What should you not do when illustrating a children’s book?

There are some definite “don’ts” for children’s book illustrations. Knowing these can help you get the best illustrations for your book. Some things come down to taste or opinion, but other things are widely agreed upon. Those are the ones I’ll cover here.

Avoid this when getting illustrations for your children’s book:

  • Don’t compromise on having the best possible illustrations for your children’s book.
  • If you’re not an illustrator, don’t illustrate your own books.
  • Don’t hire an illustrator without a proven track record and great reviews/testimonials. At the very least, chat with them enough to REALLY get a feel of how they are. Make sure they’ll deliver good work, on time.
  • Don’t work with an illustrator who has no experience with children’s books. You get some wonderful illustrators, but if they have no book illustration experience, they won’t know the requirements. This can lead to wrong file sizes, format, and many other problems! So only work with them if you know all the exact requirements for your ebook and print and you’re willing to guide them closely.
  • Don’t use the same angle, distance (close-up, medium or wide view), poses etc. in all your illustrations. Make sure they are varied.
  • This is more about your writing, but make sure the illustrations don’t repeat the text. Avoid putting descriptions in the text (e.g. “red bike”, “blue shirt”, “black hair”), because the illustrations will show these things. They need not be in the text. So if it’s not critical to the story, leave it out. If it’s critical, make sure the illustrator knows to draw a red bike and not a green one.
  • Following from the last point, make sure the illustrations match the text. If you’ve read a lot of illustrated books, I’m sure you’ve seen examples where this is not the case. It’s annoying to read, “The kids were playing outside”, but the illustration shows them indoors.
  • Don’t try to show too much in the illustrations. They should add to the story, but if the illustrations need to show too much, it will become confusing, messy or be lost on the reader or child.
  • Don’t be too conceptual or abstract… especially for younger children. I can vouch for this as my almost 4-year-old has repeatedly asked me things like, “Why is there a red light around her?” Kids, especially young kids, don’t understand a lot of the concepts we’ve learnt as adults. Be aware of that.
  • Don’t micromanage your illustrator. They are a pro (or should be!) and can greatly enhance your book… if you let them! Don’t tell them in detail what to draw (unless a certain setting or action or specific objects, colors, races etc. are essential to the story or text).

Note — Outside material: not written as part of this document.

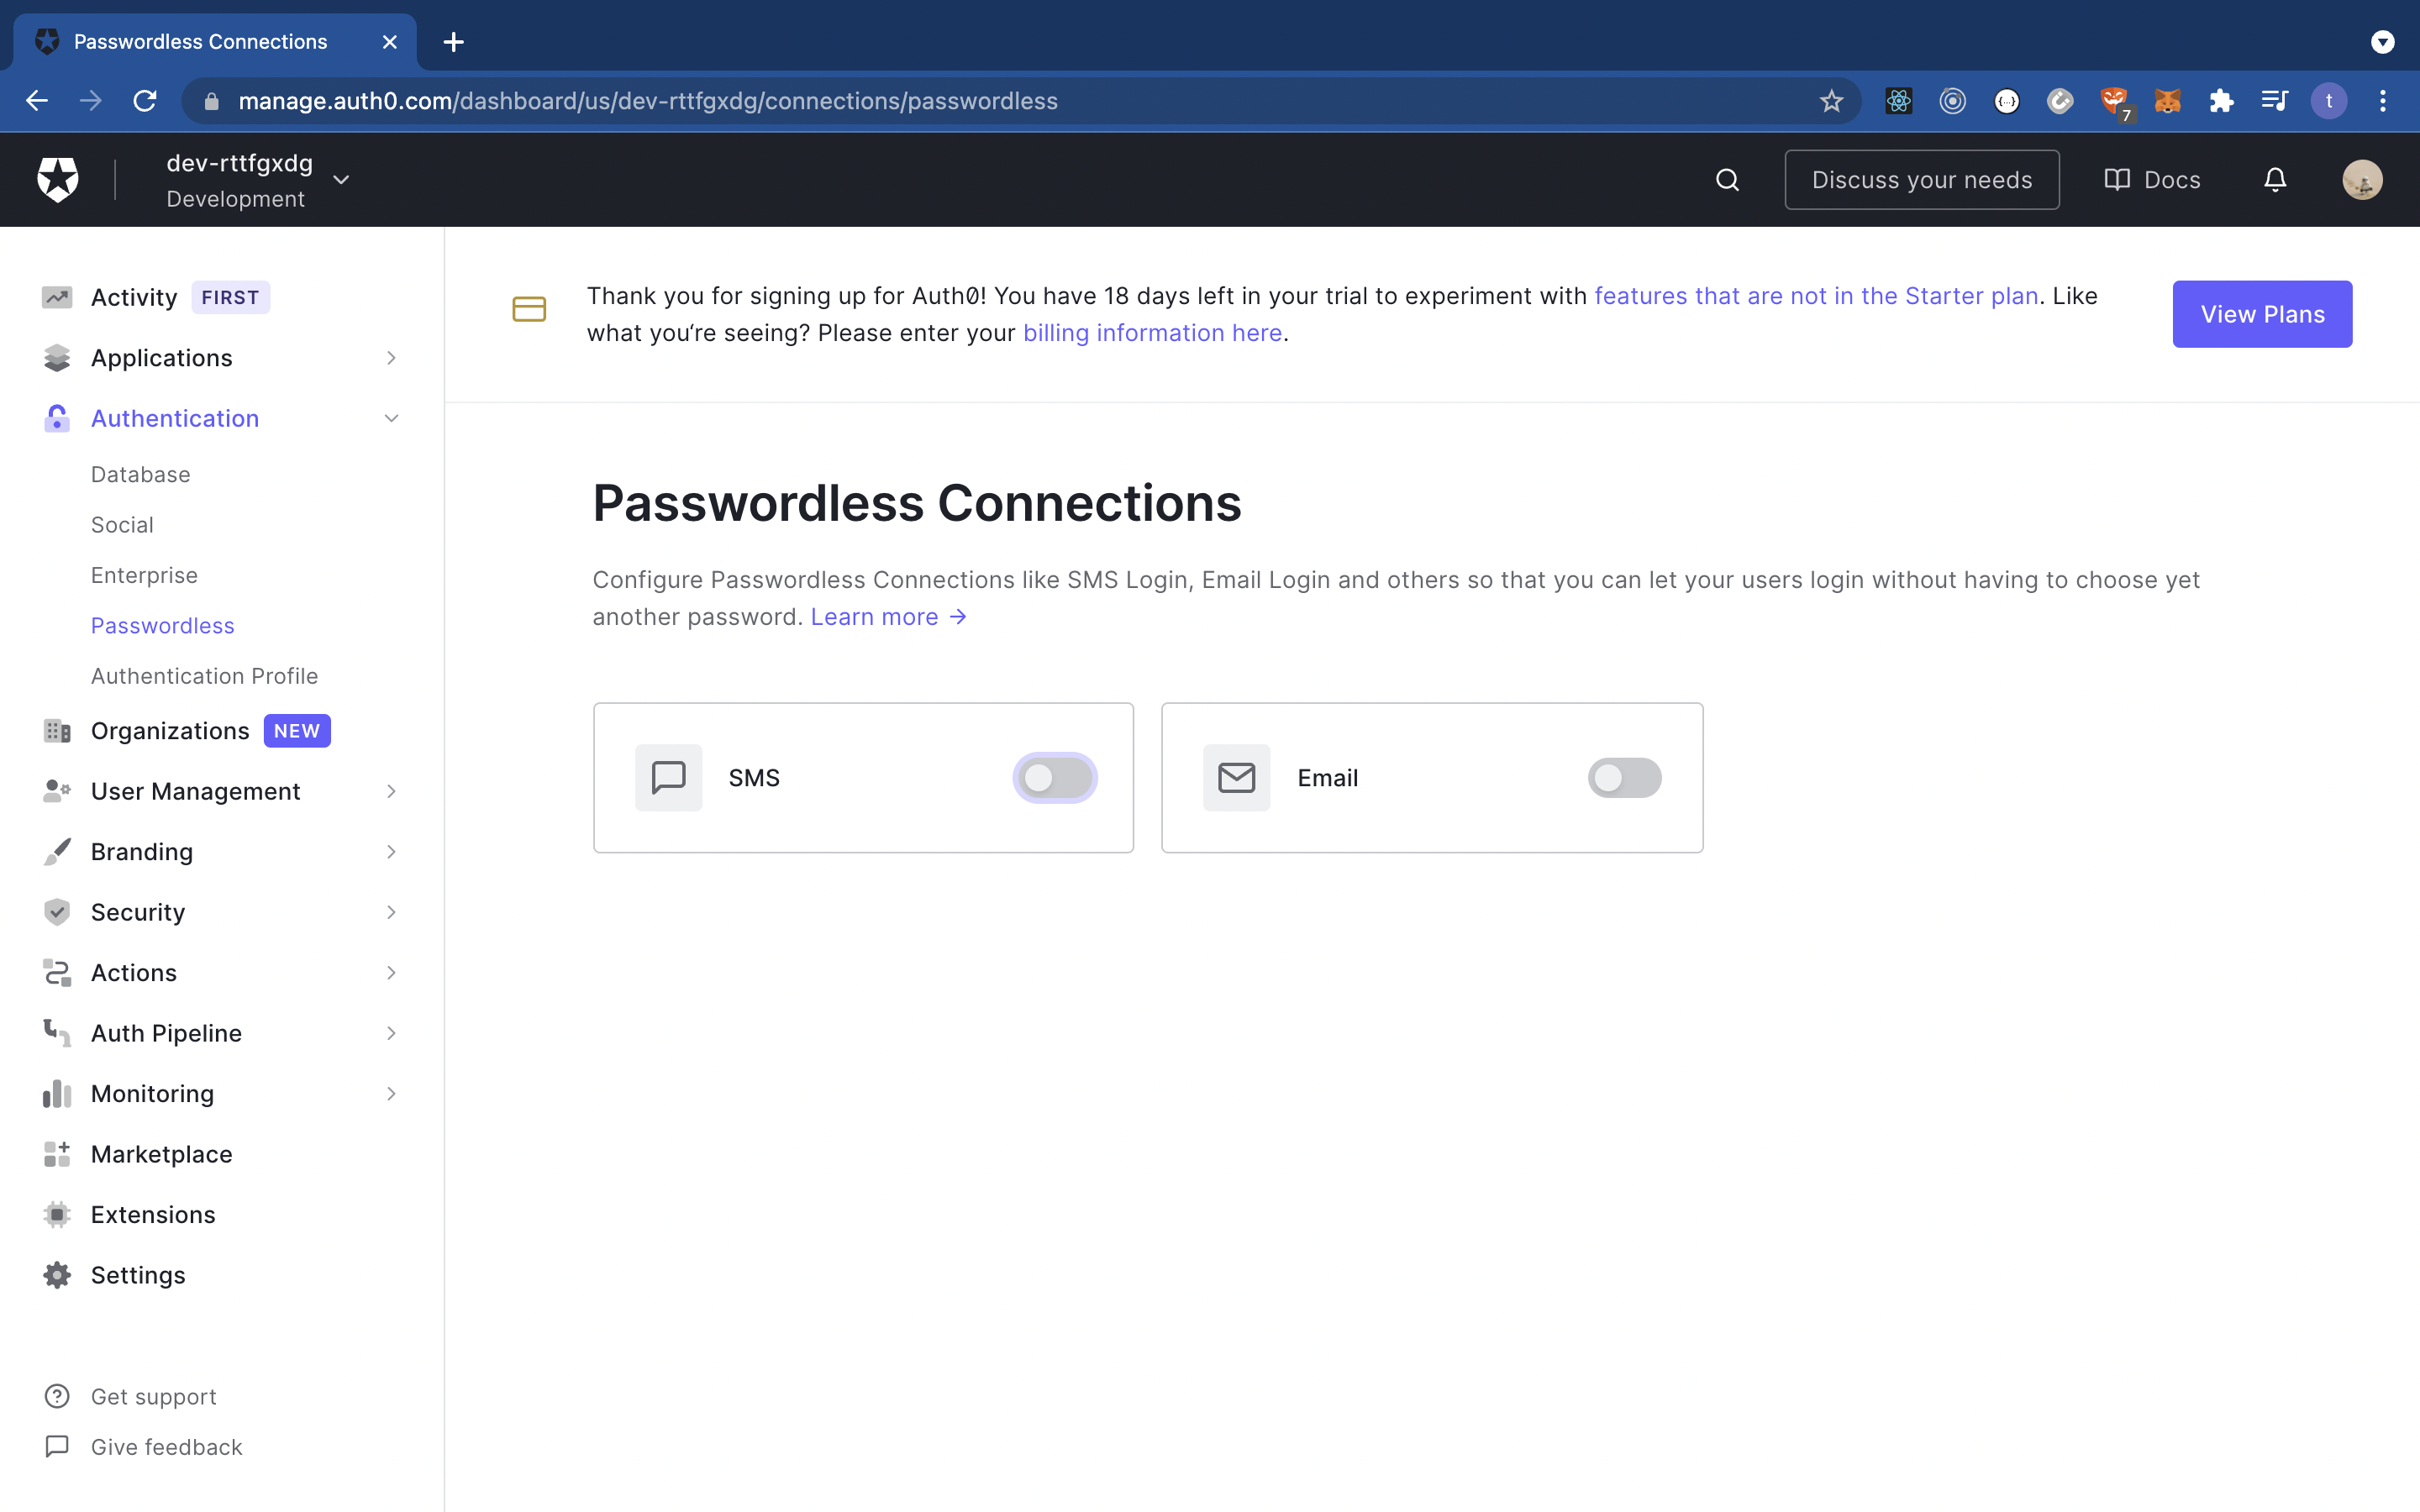 A screenshot of the Auth0 application Passwordless Connections settings tab, allowing users to enable SMS or Email as an option.

The last don’t needs more explanation. Give the illustrator the manuscript (if it’s short) or brief art notes—and then let them do their thing! They may surprise you with how much better they make your book with their creativity.

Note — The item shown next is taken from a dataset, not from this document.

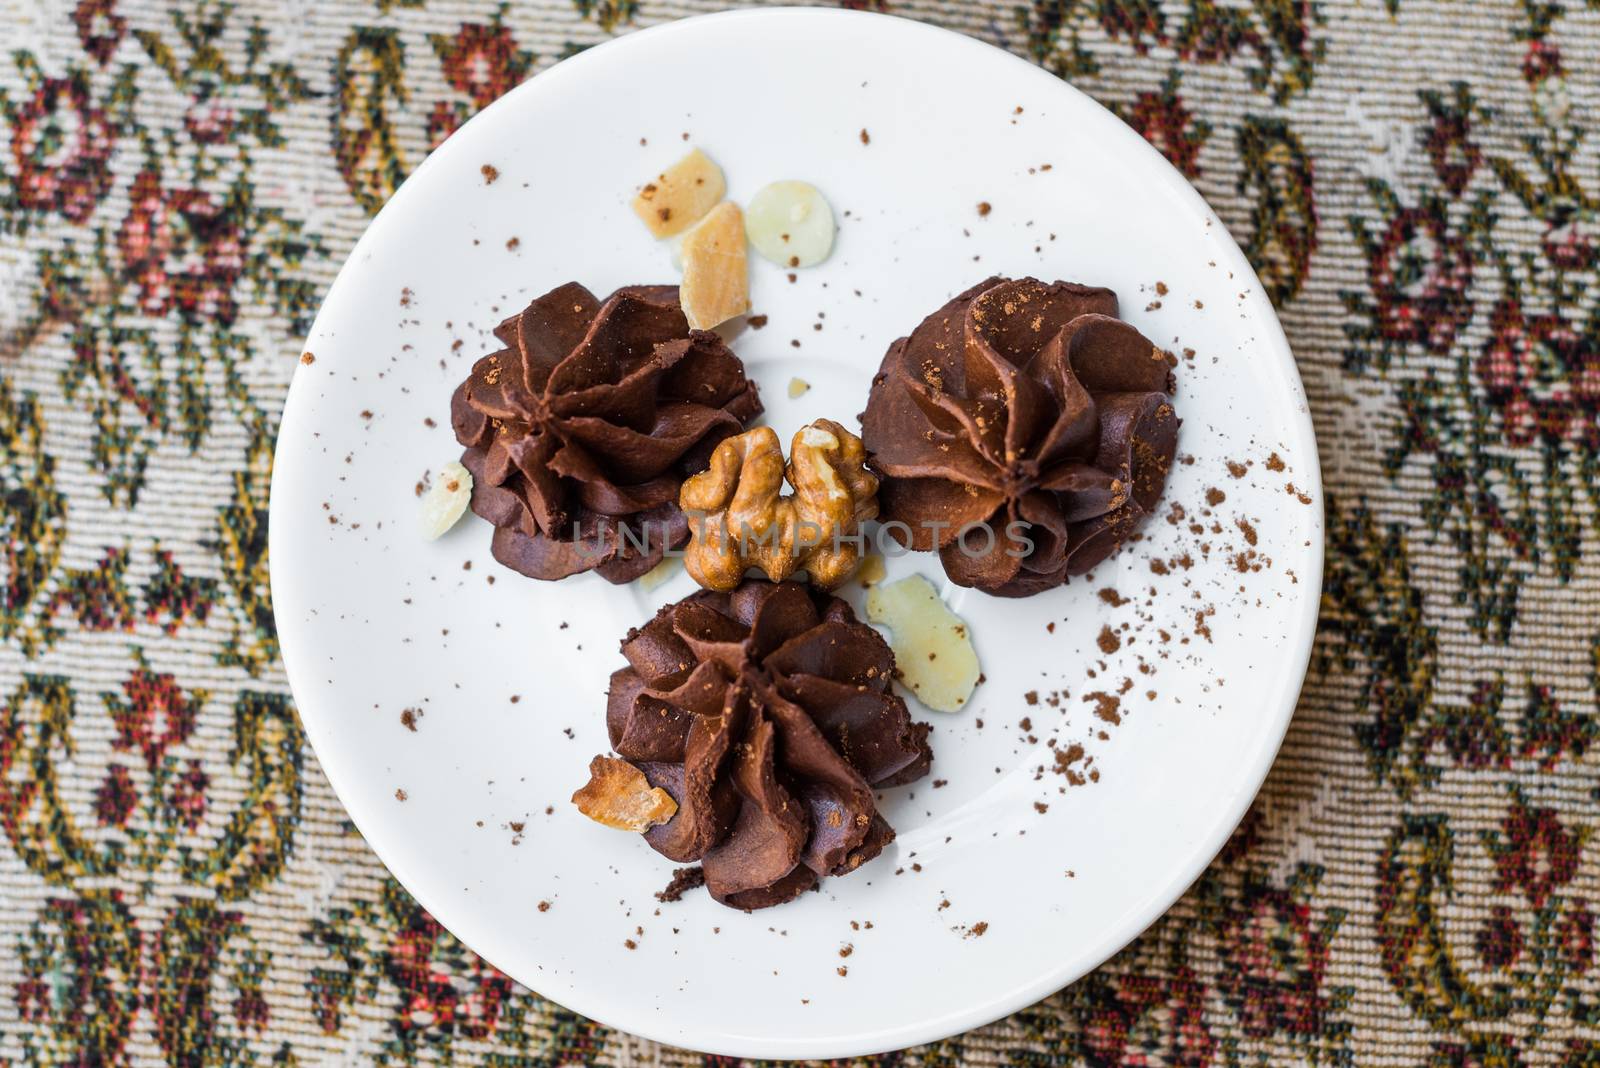 Homemade chocolate truffles with nuts and cocoa powder in a white plate

What is an art note? It’s a very brief note saying what needs to be illustrated.

For instance:

  1. “Billy is walking in the forest.”
  2. “The girl and boy are swimming at the beach.”

In case you’re wondering how not to do it, here are the above two examples with too much direction:

  1. Billy, wearing a blue shirt and brown pants and sneakers, is walking in a pine forest with some rocks and bushes. We see him from the back, from the waist up. There is a path, but mostly dense trees.
  2. The girls and boy are swimming at the beach. She is wearing a red and white striped swimsuit. There are a few clouds, seagulls and a few people and umbrellas.

If it must be a pine forest because that’s important to the story, let the illustrator know. If it doesn’t matter, just leave it up to the illustrator.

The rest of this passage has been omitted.